Collected material =>
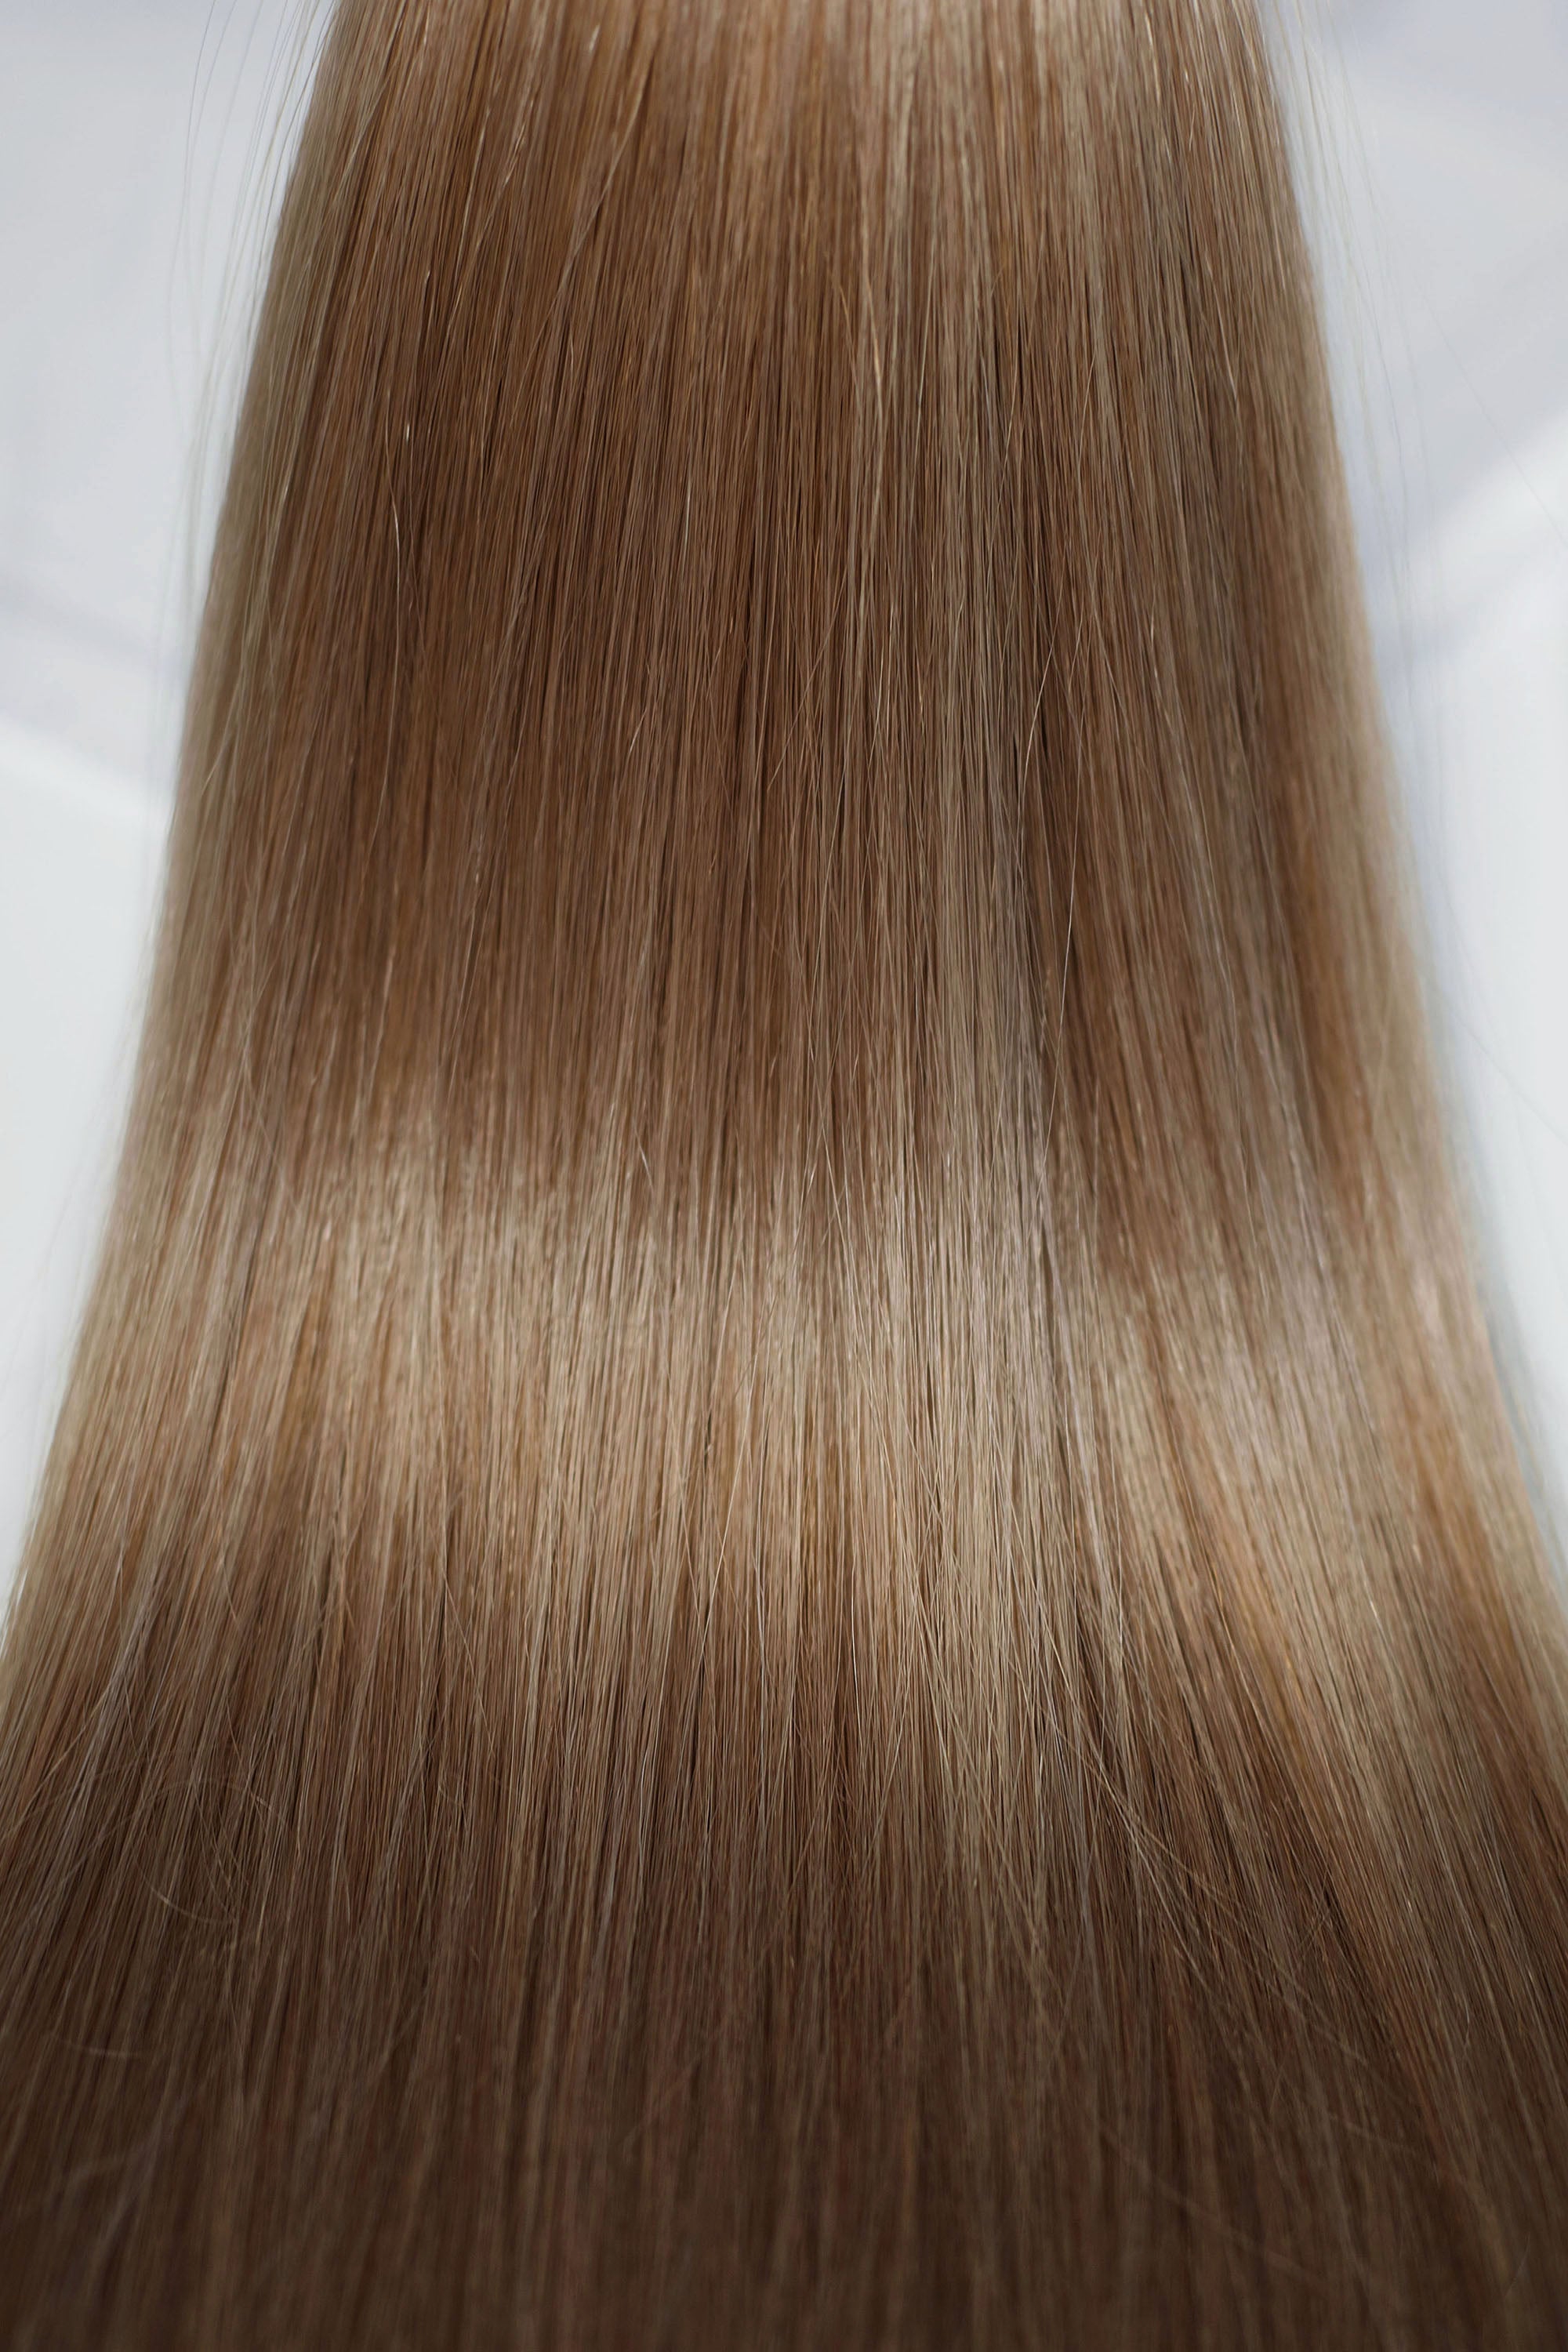 Behair professional Bulk hair "Premium" 20" (50cm) Natural Straight Light Ash Brown #10 - 25g hair extensions
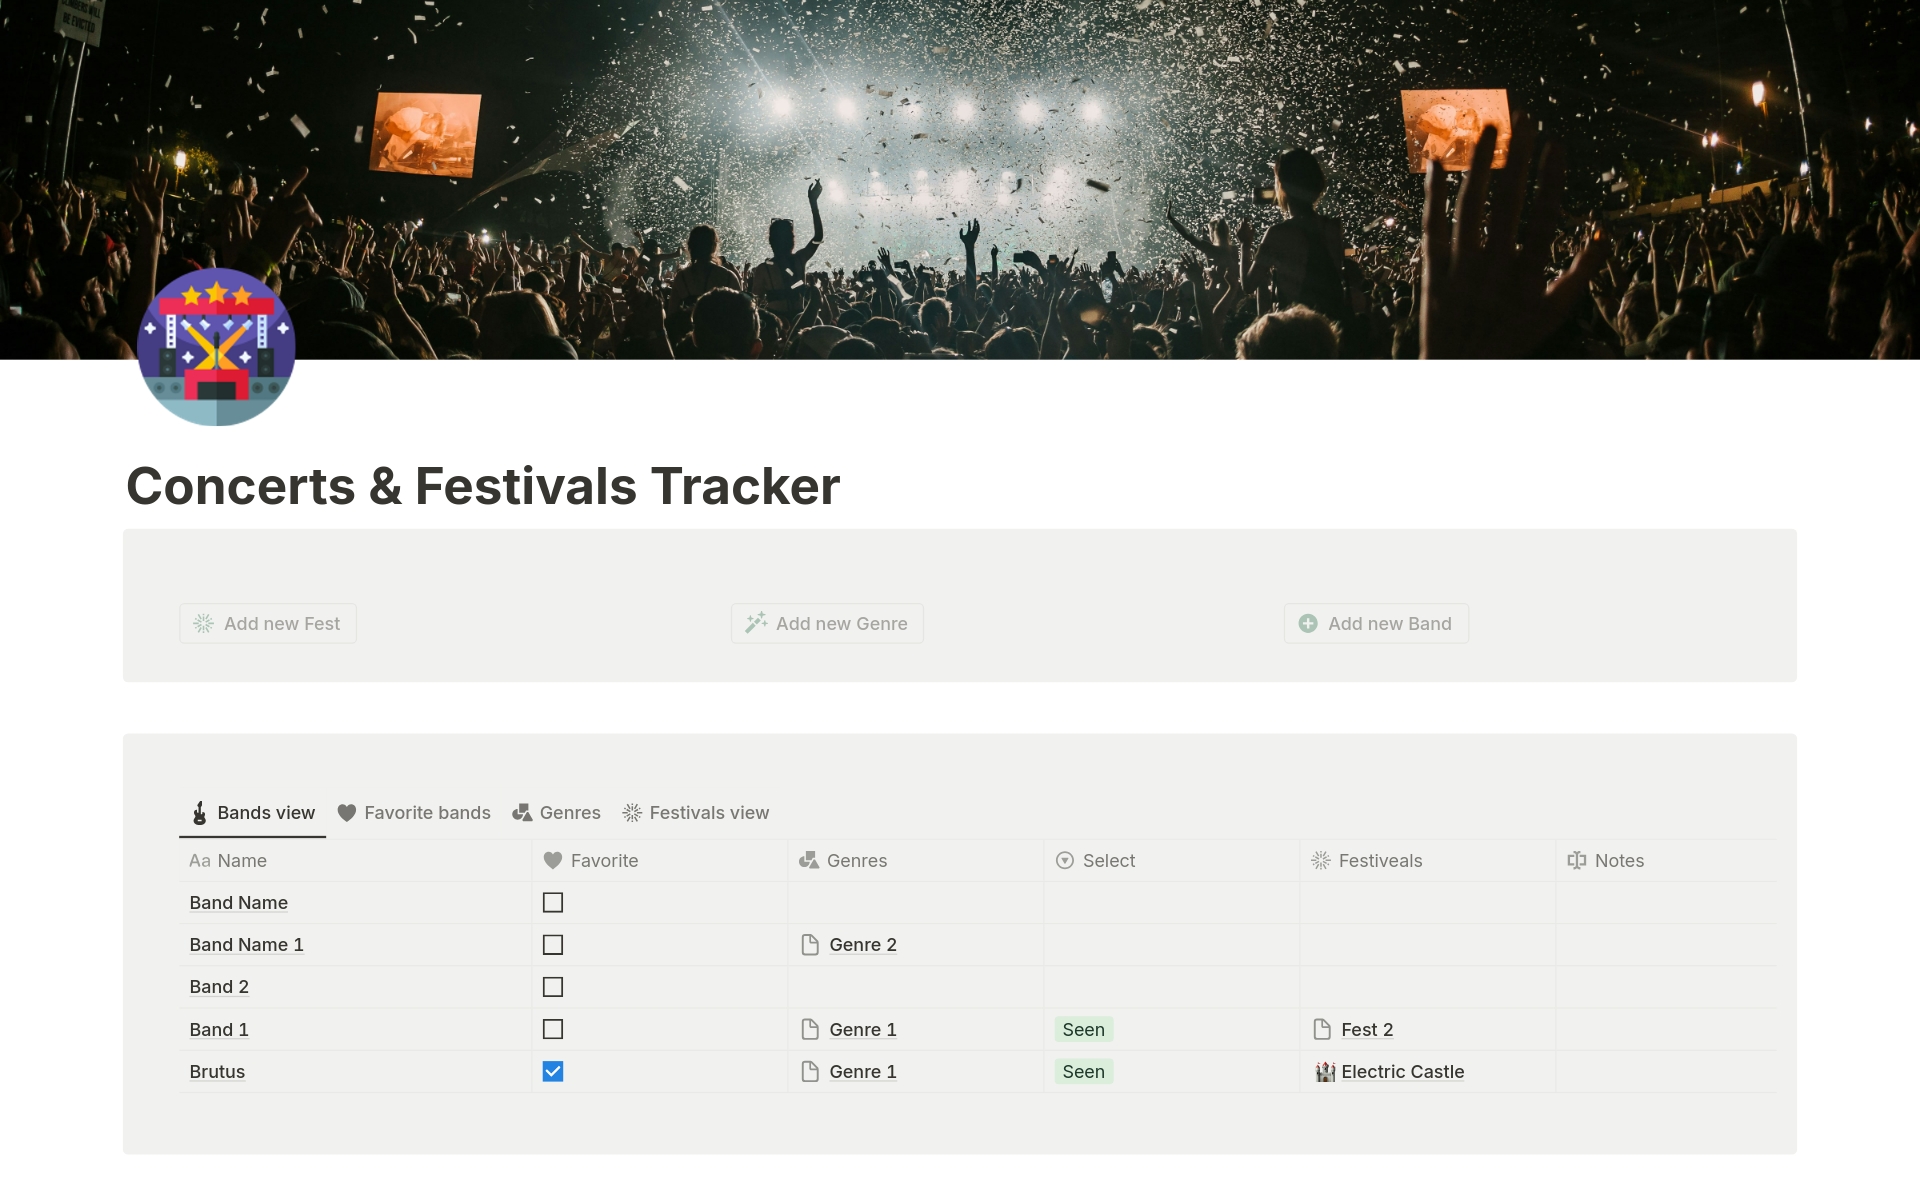 Vista previa de una plantilla para Concerts & Festivals Tracker
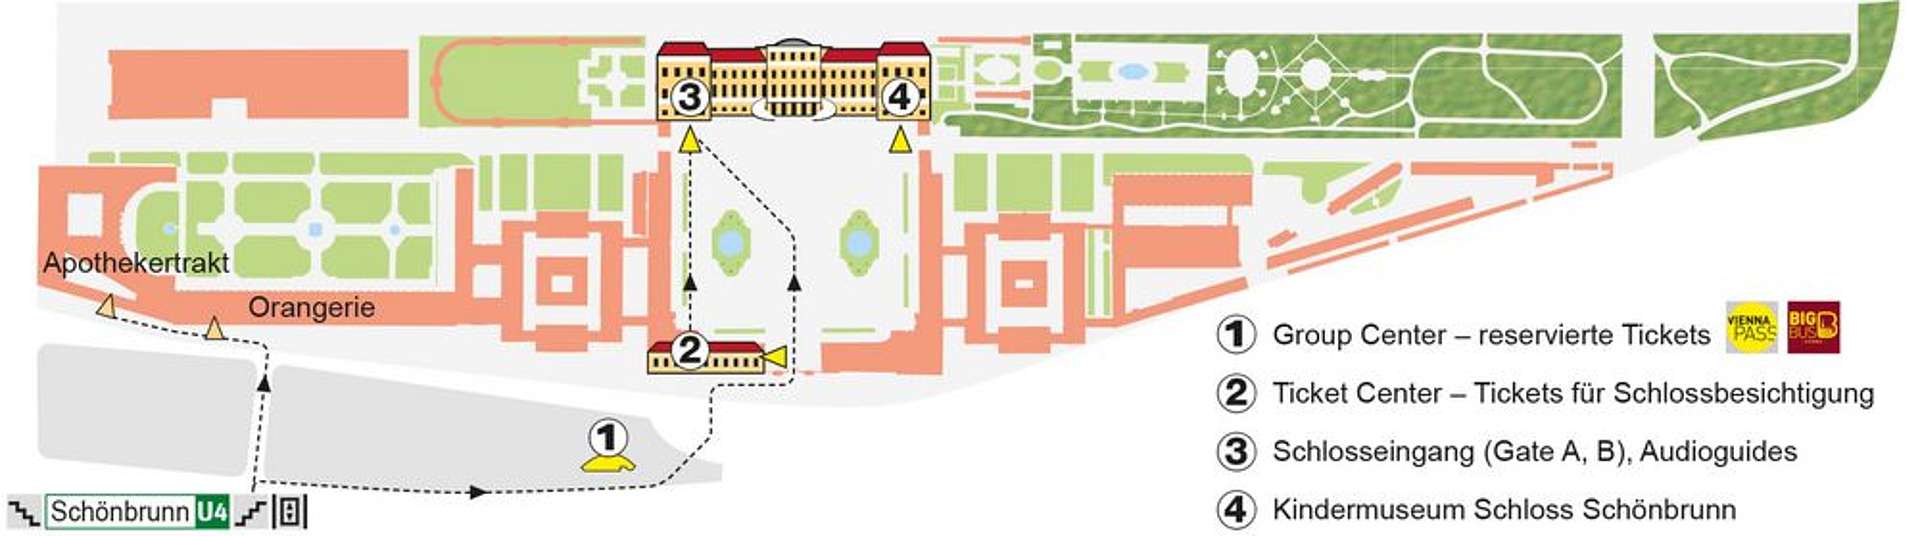 schonbrunn palace map

Work instructions => Copy all the material exactly; omit images.

Your solution =>
 Behair professional Bulk hair "Premium" 20" (50cm) Natural Straight Light Ash Brown #10 - 25g hair extensions
 Vista previa de una plantilla para Concerts & Festivals Tracker
 schonbrunn palace map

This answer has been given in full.